Metric tyres were one of those innovations which didn’t catch on.  As well as Renault, BMW & some Metros used them.  

The Metro ones had a non standard bead to make finding replacement tyres even harder.

 I imagine a lot of owners replaced them with the nearest imperial sized wheels once the realised how much hassle they could be.

Posted

Metric sized tyres was such a pointless exercise, I don't know what they were trying to achieve. Some car adverts used metric TRX wheels as a selling point - why not just make them 15 inch instead of 14?  

Do the tyres grip better because they conform to Le Metrique Systeme? It's all just numbers on a piece of stick.

Posted
30 minutes ago, Richard_FM said:

Metric tyres were one of those innovations which didn’t catch on.  As well as Renault, BMW & some Metros used them....

....also Citroën and Jaguar. 

Trouble with metric tyres apart from eye-watering expense is the perceived rapidity with which they go "off"/hard when they've aged a bit. First 12 months: grand. After that, all bets off 

Posted
7 minutes ago, Tadhg Tiogar said:

Trouble with metric tyres apart from eye-watering expense is the perceived rapidity with which they go "off"/hard when they've aged a bit. First 12 months: grand. After that, all bets off 

I think that's more a characteristic of Michelin tyres,which most metrics were.They don't half like to go out of shape.

Posted
9 minutes ago, artdjones said:

I think that's more a characteristic of Michelin tyres,which most metrics were.They don't half like to go out of shape.

Avon Turdospeed CR28 metrics didn't have much grip even when new.

Posted
15 minutes ago, artdjones said:

I think that's more a characteristic of Michelin tyres,which most metrics were.They don't half like to go out of shape.

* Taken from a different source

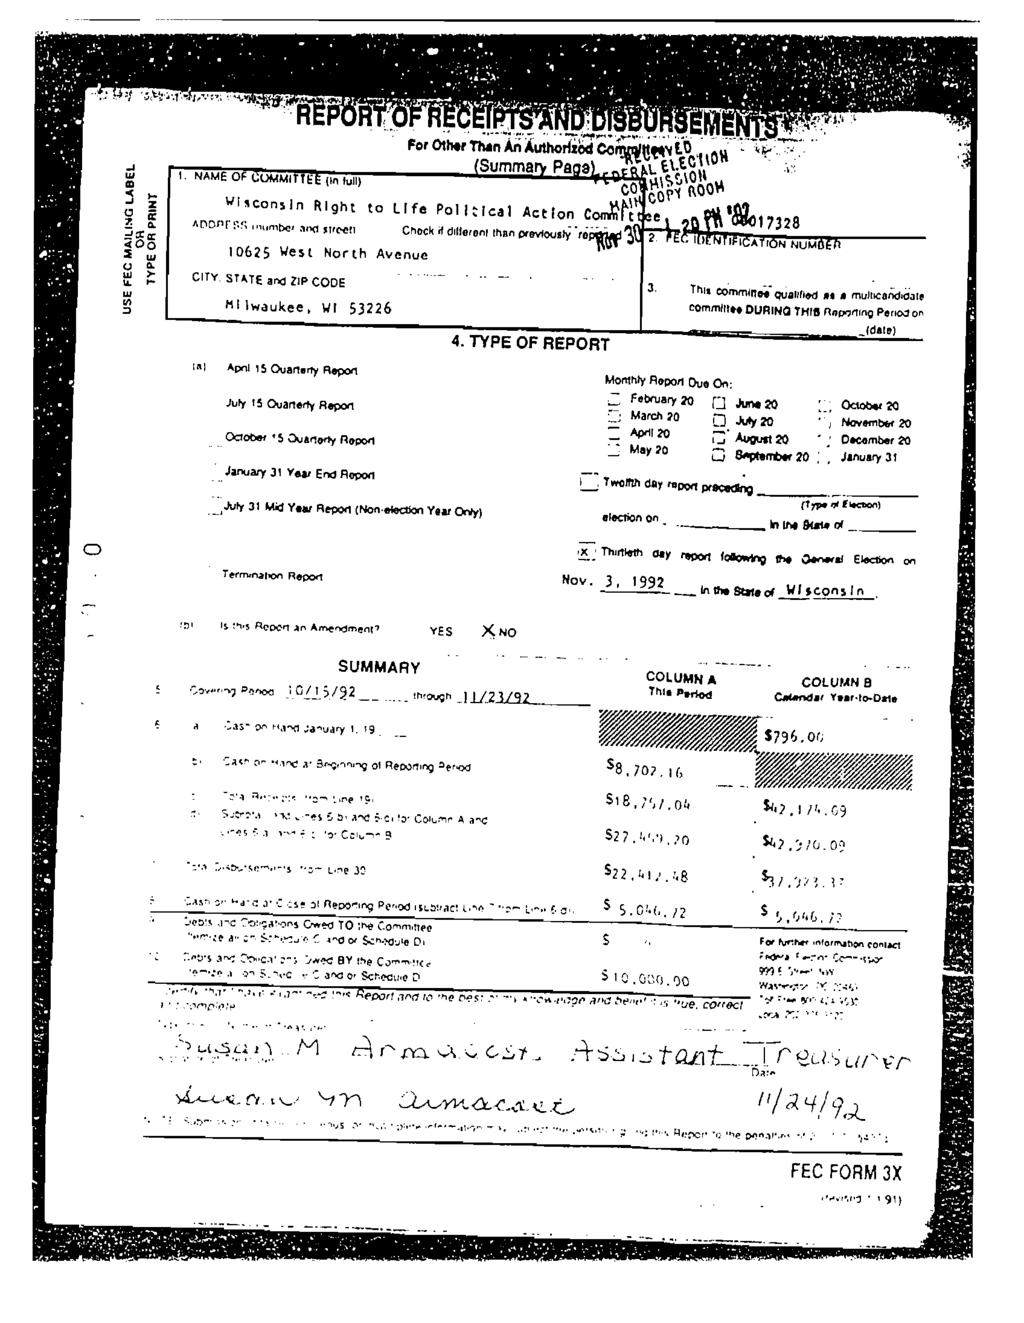 Case 1:04-cv-01260-RJL-RWR Document

I am sure that is now they wear so well! I had a set of Michelin’s on my old Orion and got 50,000 miles out of them, they were close to new when I got the car so had done 55,000 miles ish when changed. When I put new tyres on it was a different car, the grip was amazing compared to the Michelin’s. They seem much better in that respect over the last decade but don’t last as well.

Posted

I worked for a Honda dealer here in the US back in the late 1990's. We had several of the final Preludes gathering dust and bird poop on our lot which we couldn't shift to save our lives.

The Accord Coupe cost less, could be optioned with a V6 engine and had more room inside.  No prizes for guessing which car was in much higher demand.

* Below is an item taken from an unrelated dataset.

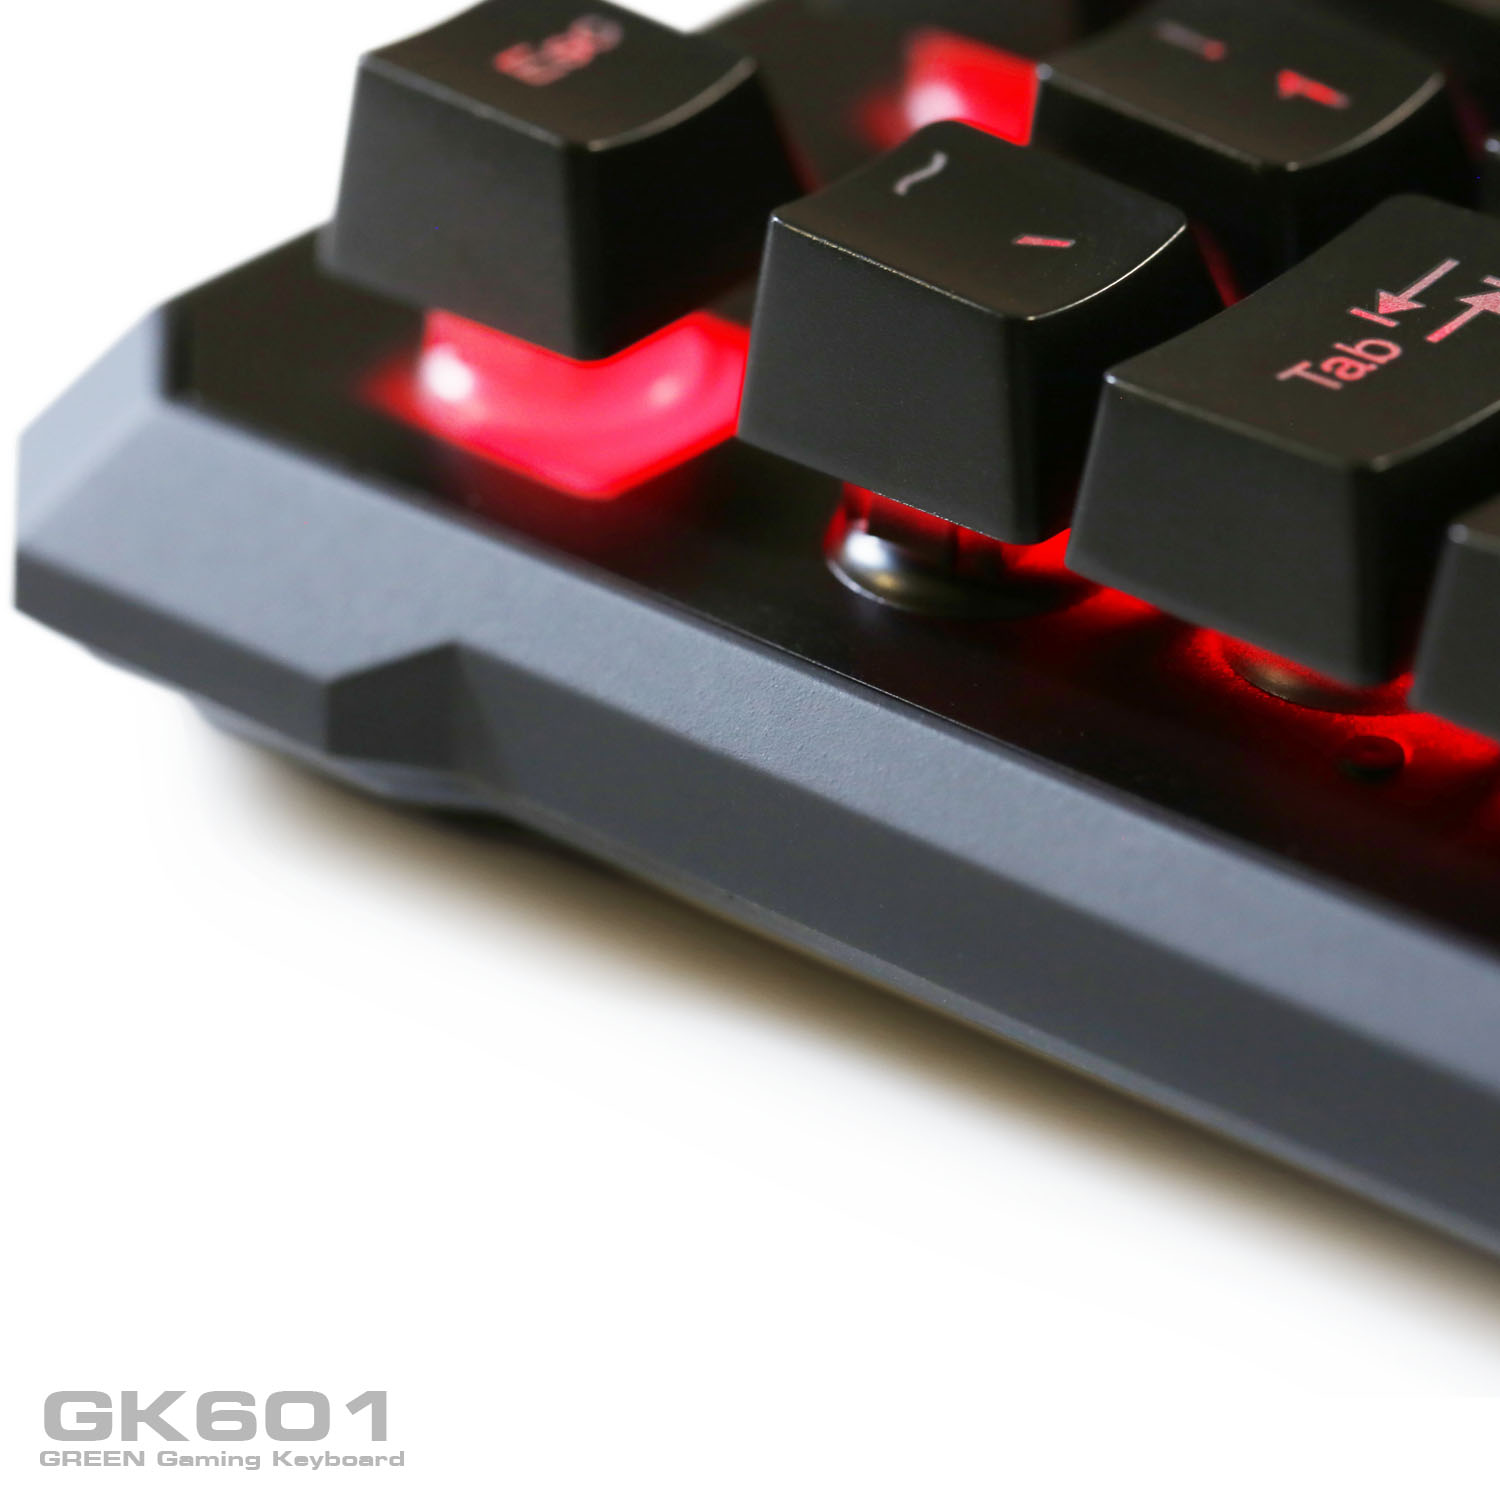 Keyboard_RGB_Green_GK601_RGB

We had to massively discount those Preludes just to get rid of them.

 

  • Like 2
Posted

I had a 205/55/16 Michelin go bad on me about 6 months ago.It had done about 12000 miles,so not a total disaster.A section of the tread went S-shaped, which I've seen happen on them before.

 

Posted

Mercedes W210 purely for the fact you could hear them rusting when it rained. ?

Posted
4 minutes ago, Madman Of The People said:

I worked for a Honda dealer here in the US back in the late 1990's. We had several of the final Preludes gathering dust and bird poop on our lot which we couldn't shift to save our lives.

The Accord Coupe cost less, could be optioned with a V6 engine and had more room inside.  No prizes for guessing which car was in much higher demand.

We had to massively discount those Preludes just to get rid of them.

 

I did wonder why Honda made both the prelude & accord couple,  at one time they seemed to have a few odd gap filling models like the integra & aerodeck.